THE TASK:
Search the data for the word "Standard" and copy every line where it occurs.

RECORDS FOR THE TASK:
......

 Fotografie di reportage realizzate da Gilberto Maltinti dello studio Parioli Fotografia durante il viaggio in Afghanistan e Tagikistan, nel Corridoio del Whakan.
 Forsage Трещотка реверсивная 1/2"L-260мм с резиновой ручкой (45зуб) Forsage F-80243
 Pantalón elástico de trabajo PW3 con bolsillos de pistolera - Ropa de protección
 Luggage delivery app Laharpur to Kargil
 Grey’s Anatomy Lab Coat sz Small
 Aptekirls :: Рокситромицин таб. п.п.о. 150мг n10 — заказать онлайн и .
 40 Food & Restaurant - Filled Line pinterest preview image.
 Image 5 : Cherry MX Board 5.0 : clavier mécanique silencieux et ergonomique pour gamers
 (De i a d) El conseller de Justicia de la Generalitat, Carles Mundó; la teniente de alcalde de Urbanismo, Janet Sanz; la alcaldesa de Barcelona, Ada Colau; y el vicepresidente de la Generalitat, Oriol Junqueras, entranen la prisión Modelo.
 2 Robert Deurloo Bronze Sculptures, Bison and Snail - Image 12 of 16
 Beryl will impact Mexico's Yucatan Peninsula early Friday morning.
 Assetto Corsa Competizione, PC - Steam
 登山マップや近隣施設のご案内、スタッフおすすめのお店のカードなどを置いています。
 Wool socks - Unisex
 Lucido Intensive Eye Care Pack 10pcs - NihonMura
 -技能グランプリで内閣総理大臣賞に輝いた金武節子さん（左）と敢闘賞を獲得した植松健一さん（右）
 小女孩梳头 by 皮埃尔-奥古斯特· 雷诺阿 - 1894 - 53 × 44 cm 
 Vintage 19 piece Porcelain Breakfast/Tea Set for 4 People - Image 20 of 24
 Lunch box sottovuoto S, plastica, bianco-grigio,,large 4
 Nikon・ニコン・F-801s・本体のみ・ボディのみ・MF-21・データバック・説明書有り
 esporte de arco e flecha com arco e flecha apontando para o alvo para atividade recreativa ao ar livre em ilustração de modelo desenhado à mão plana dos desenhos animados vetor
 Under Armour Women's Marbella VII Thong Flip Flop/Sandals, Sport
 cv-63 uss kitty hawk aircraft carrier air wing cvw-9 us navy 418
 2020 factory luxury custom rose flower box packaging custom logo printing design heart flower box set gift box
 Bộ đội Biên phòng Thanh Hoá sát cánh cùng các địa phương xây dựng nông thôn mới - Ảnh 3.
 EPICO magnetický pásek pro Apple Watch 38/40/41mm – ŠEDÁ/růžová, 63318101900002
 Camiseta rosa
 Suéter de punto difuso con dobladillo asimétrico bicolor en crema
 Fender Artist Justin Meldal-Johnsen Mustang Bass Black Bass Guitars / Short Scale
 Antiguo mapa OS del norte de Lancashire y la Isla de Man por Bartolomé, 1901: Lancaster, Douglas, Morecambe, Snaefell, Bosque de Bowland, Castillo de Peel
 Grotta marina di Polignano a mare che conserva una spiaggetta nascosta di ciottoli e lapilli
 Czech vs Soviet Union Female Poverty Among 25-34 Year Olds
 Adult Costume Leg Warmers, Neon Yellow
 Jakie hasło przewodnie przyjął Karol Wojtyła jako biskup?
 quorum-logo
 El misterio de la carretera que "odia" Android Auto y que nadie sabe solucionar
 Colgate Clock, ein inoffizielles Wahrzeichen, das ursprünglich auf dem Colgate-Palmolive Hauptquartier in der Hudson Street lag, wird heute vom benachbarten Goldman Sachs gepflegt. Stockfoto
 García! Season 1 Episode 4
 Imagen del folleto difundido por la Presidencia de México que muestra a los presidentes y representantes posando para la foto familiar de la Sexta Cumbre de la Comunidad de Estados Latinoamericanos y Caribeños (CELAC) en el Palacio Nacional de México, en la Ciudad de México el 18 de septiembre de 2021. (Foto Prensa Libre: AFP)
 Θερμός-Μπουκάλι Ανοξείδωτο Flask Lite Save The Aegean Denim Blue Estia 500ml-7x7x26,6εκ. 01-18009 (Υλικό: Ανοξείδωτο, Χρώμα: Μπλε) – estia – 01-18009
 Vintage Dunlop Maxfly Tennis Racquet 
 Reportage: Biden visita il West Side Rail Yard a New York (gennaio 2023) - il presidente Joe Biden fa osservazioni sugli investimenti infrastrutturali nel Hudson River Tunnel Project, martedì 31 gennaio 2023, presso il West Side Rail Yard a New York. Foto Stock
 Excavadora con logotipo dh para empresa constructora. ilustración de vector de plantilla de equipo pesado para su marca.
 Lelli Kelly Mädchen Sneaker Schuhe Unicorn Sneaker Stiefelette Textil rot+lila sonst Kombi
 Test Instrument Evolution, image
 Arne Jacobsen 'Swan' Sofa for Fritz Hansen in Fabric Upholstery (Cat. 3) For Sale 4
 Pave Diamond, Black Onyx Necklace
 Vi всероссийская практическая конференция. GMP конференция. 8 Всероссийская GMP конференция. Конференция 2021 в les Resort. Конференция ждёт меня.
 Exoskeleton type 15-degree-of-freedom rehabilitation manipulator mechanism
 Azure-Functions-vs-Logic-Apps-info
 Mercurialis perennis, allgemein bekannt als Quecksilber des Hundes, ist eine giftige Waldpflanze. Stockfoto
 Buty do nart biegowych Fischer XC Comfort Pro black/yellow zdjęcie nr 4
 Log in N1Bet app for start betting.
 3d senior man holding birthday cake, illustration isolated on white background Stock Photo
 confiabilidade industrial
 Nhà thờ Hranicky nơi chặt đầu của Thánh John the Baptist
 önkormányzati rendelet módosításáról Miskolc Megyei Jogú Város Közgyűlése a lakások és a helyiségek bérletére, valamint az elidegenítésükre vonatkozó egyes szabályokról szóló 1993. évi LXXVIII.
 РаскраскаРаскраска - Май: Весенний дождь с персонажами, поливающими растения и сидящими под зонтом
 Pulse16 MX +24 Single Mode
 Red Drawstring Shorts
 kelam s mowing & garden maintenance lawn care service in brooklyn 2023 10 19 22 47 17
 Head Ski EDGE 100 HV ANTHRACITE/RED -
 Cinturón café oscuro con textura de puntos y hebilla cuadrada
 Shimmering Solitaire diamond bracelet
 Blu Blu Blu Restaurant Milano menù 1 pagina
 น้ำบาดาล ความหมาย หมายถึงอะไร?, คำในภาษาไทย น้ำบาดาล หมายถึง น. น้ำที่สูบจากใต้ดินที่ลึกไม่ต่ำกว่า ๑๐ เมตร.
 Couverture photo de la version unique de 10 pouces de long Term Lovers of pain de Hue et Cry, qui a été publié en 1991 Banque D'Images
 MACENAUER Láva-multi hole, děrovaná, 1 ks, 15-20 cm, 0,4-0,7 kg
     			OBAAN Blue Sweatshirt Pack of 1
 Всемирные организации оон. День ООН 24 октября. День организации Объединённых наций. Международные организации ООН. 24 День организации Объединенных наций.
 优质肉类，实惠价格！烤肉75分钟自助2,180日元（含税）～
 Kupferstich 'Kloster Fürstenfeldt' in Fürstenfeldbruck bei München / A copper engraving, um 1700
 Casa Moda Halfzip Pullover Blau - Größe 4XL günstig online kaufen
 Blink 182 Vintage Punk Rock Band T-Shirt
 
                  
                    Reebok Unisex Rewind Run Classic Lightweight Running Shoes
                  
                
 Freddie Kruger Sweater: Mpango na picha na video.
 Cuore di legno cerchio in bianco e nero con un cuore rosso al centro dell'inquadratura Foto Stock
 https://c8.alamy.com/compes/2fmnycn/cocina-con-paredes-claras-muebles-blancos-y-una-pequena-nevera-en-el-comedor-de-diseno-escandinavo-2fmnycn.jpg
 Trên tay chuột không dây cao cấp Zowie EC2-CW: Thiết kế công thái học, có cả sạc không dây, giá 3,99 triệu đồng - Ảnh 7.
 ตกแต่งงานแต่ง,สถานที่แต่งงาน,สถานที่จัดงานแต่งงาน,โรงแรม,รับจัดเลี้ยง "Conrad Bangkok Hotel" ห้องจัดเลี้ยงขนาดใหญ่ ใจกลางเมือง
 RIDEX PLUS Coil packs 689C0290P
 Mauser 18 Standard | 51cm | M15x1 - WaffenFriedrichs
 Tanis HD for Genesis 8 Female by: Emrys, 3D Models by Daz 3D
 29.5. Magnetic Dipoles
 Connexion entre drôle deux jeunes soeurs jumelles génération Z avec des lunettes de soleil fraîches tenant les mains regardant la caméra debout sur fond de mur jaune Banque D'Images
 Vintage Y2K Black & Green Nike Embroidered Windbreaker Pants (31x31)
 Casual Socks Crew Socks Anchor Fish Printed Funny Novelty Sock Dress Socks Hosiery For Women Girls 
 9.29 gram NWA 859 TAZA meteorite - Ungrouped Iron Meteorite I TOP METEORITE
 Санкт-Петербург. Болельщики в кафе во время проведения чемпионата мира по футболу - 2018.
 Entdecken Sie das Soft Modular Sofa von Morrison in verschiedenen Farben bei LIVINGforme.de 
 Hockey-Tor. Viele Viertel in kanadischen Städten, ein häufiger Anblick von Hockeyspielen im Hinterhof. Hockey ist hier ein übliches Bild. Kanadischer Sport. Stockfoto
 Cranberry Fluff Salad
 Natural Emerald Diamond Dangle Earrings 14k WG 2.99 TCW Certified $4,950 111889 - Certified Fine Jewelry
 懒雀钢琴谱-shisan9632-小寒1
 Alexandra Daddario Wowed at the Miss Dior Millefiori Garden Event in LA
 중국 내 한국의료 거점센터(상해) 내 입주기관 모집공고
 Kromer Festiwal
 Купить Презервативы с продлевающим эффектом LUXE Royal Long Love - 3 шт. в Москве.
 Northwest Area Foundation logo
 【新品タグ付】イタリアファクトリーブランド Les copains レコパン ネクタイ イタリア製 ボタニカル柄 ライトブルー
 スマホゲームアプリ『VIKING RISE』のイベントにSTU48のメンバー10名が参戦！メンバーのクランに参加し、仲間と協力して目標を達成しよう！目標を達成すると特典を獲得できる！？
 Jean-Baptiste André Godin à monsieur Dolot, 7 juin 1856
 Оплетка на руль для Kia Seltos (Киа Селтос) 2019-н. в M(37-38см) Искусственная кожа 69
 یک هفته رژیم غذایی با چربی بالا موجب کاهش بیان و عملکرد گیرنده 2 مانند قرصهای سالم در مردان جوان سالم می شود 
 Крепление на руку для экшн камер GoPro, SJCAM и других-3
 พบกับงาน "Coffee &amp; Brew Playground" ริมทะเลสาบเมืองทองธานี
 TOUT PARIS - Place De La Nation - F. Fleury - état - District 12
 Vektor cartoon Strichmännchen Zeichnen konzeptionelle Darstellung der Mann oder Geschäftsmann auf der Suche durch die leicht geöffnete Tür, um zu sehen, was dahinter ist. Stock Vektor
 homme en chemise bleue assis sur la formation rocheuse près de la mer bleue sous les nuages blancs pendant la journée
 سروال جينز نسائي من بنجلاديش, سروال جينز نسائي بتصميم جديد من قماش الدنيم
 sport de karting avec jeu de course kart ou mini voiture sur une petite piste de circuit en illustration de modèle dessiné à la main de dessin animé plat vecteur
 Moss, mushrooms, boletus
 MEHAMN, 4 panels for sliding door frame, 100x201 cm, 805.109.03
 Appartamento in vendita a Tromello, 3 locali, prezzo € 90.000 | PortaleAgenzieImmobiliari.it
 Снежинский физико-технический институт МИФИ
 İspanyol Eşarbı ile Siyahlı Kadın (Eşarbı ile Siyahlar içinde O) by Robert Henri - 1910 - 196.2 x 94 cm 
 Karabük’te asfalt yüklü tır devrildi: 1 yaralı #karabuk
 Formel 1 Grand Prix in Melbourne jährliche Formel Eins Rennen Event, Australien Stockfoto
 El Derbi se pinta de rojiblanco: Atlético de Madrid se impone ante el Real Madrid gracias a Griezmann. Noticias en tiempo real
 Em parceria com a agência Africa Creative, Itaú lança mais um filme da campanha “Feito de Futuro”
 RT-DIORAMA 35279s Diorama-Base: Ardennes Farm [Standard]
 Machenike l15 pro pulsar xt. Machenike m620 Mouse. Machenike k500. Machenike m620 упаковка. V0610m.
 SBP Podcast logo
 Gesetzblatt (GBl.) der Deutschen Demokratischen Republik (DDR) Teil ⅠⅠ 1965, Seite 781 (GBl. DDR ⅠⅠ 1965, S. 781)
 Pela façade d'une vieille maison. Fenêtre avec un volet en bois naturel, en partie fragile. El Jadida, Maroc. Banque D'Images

......

TASK OUTPUT:
 Mauser 18 Standard | 51cm | M15x1 - WaffenFriedrichs
 RT-DIORAMA 35279s Diorama-Base: Ardennes Farm [Standard]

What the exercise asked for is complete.